Per chi veniva da fuori era un shock. Ma nella Parigi della prima metà del XIX secolo la claque era un’istituzione affermata e riconosciuta. Andando al teatro dell’Opera o al Varieté era del tutto naturale trovarsi vicino a persone pagate per applaudire a comando nei momenti topici. Erano assoldate dal teatro stesso – proprio come i musicisti dell’orchestra – per rafforzare le scene più deboli e spronare il pubblico titubante ad applaudire, cioè a claquer. Da qui il nome.

Alcuni erano specializzati negli applausi, altri si commuovevano a comando, altri ancora chiamavano i bis o lanciavano mazzi di fiori (per averlo era necessario che l’autore pagasse un sovrapprezzo). Nel giro di poco si diffusero in tutta la Francia e, in misura minore, anche all’estero.

Anche noti come “Cavalieri del Lampadario” o come “Romani” (si diceva che il primo a esigere applausi a comando fosse stato Nerone) avevano assunto, nei primi 30 anni del 1800, un certo potere.
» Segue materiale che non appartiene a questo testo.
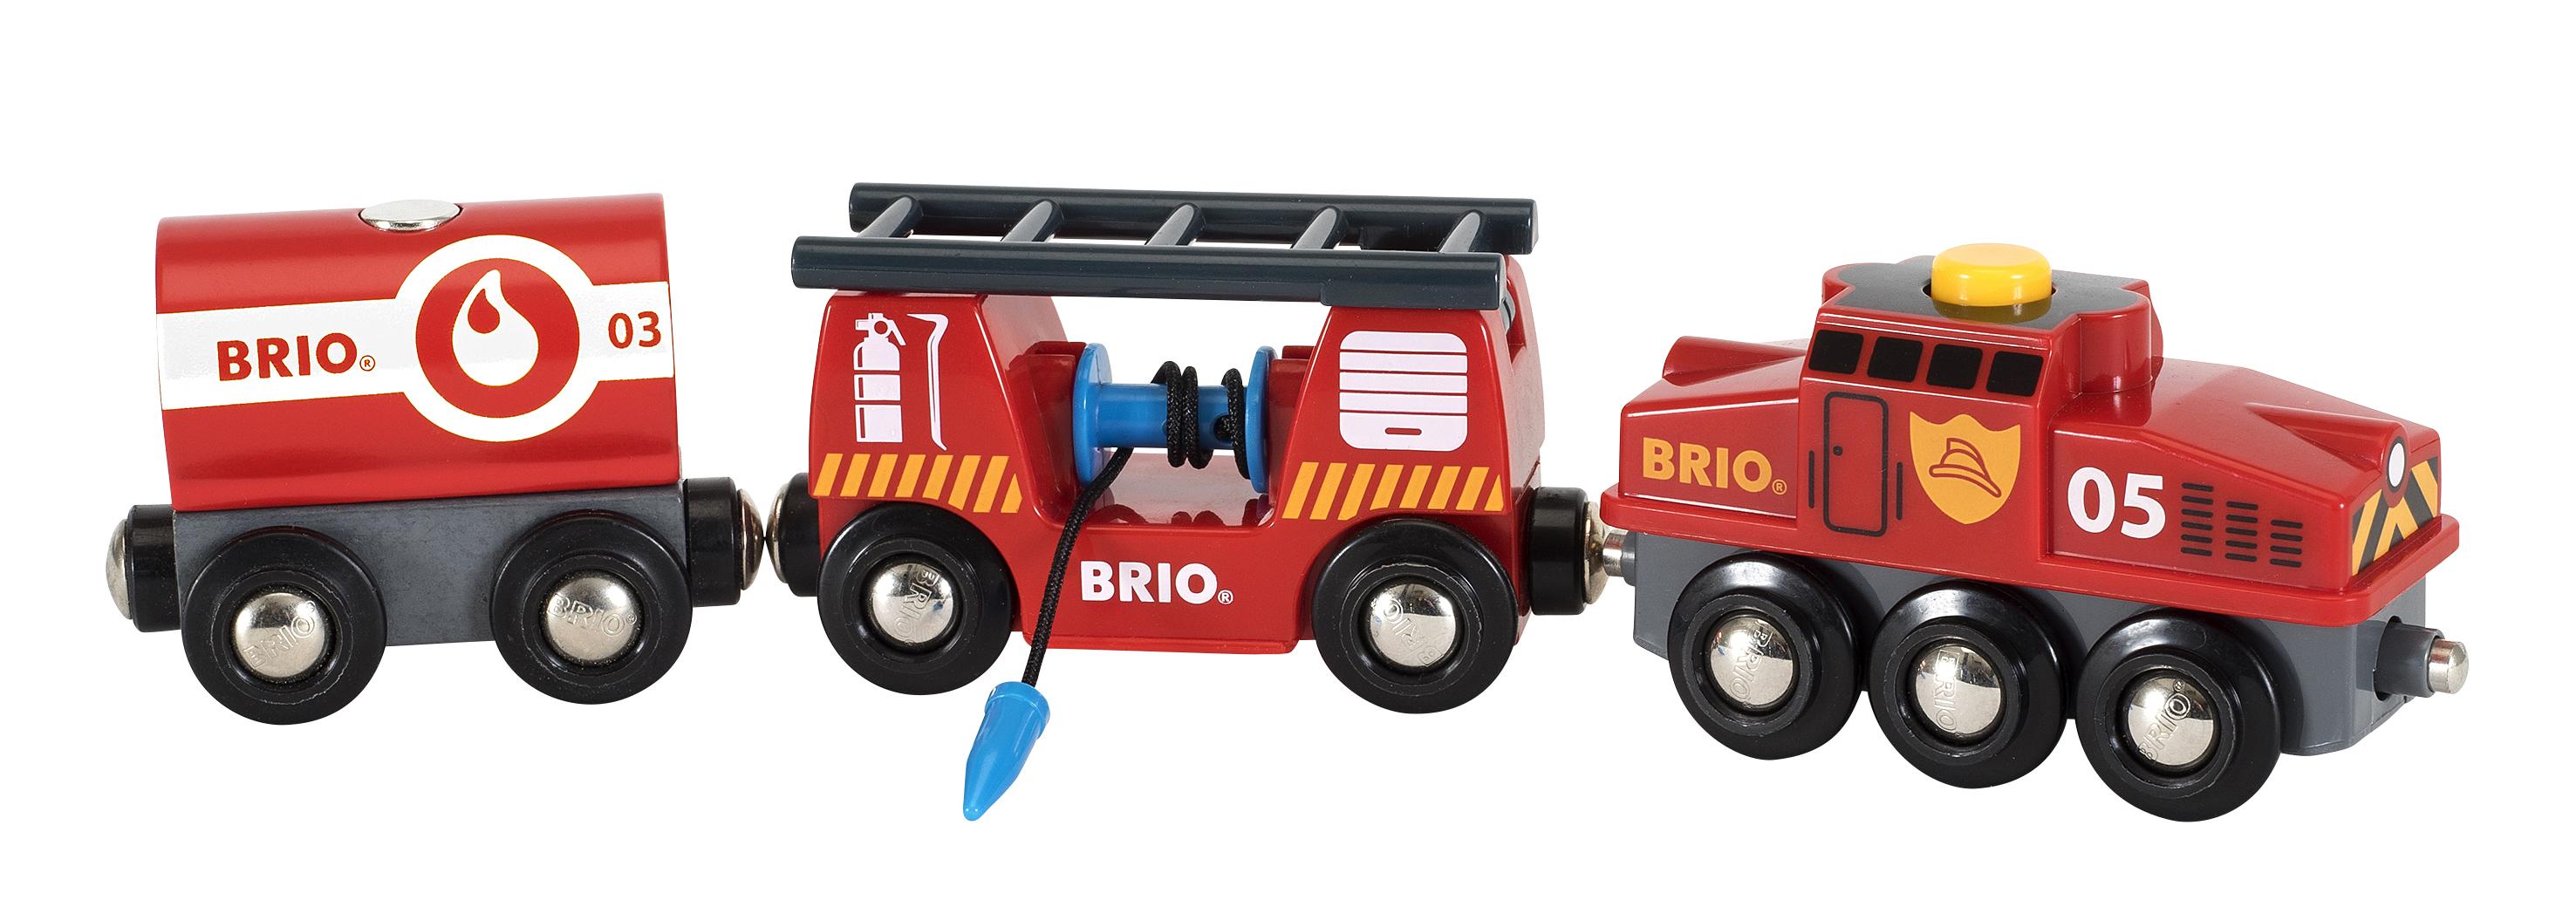 BRIO redningstog

Tanto che, scrive Albert W. Halsall in “Victor Hugo and the Romantic Drama”, «attori, impresari e scrittori che volevano evitare un flop alla prima pensavano che fosse indispensabile ricorrere a loro». Alcuni potevano anche rifiutarsi e andare incontro a un pubblico non ammaestrato (tra questi lo stesso Victor Hugo per la sua “Hernani”), ma il rischio di una risposta gelida della sala era molto alto.
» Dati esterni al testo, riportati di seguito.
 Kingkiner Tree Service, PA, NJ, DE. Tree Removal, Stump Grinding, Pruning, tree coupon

I teatri avevano a libro paga il capo della claque. Gli fornivano il compenso e i biglietti per i suoi uomini, che lui portava in sala e piazzava, in modo strategico, nei vari angoli della platea. Poi, al momento giusto, mandava – come un direttore d’orchestra – i segnali.

Non era un lavoro banale. Uno degli storici leader della claque dell’Opera, August Levasseur, (uomo «enorme, forte, un vero e proprio Ercole, con un paio di mani immense. Nato per quel mestiere») lavorava a tempo pieno. Studiava il testo prima di ogni performance, si accordava con gli autori per decidere i momenti in cui fare intervenire gli applausi e quelli in cui, invece, non sarebbe servito.

Santon, del Variété, conosceva a memoria tutto il repertorio tanto che durante le esecuzioni leggeva il giornale (all’epoca le luci venivano tenute accese). Sapeva benissimo quando intervenire.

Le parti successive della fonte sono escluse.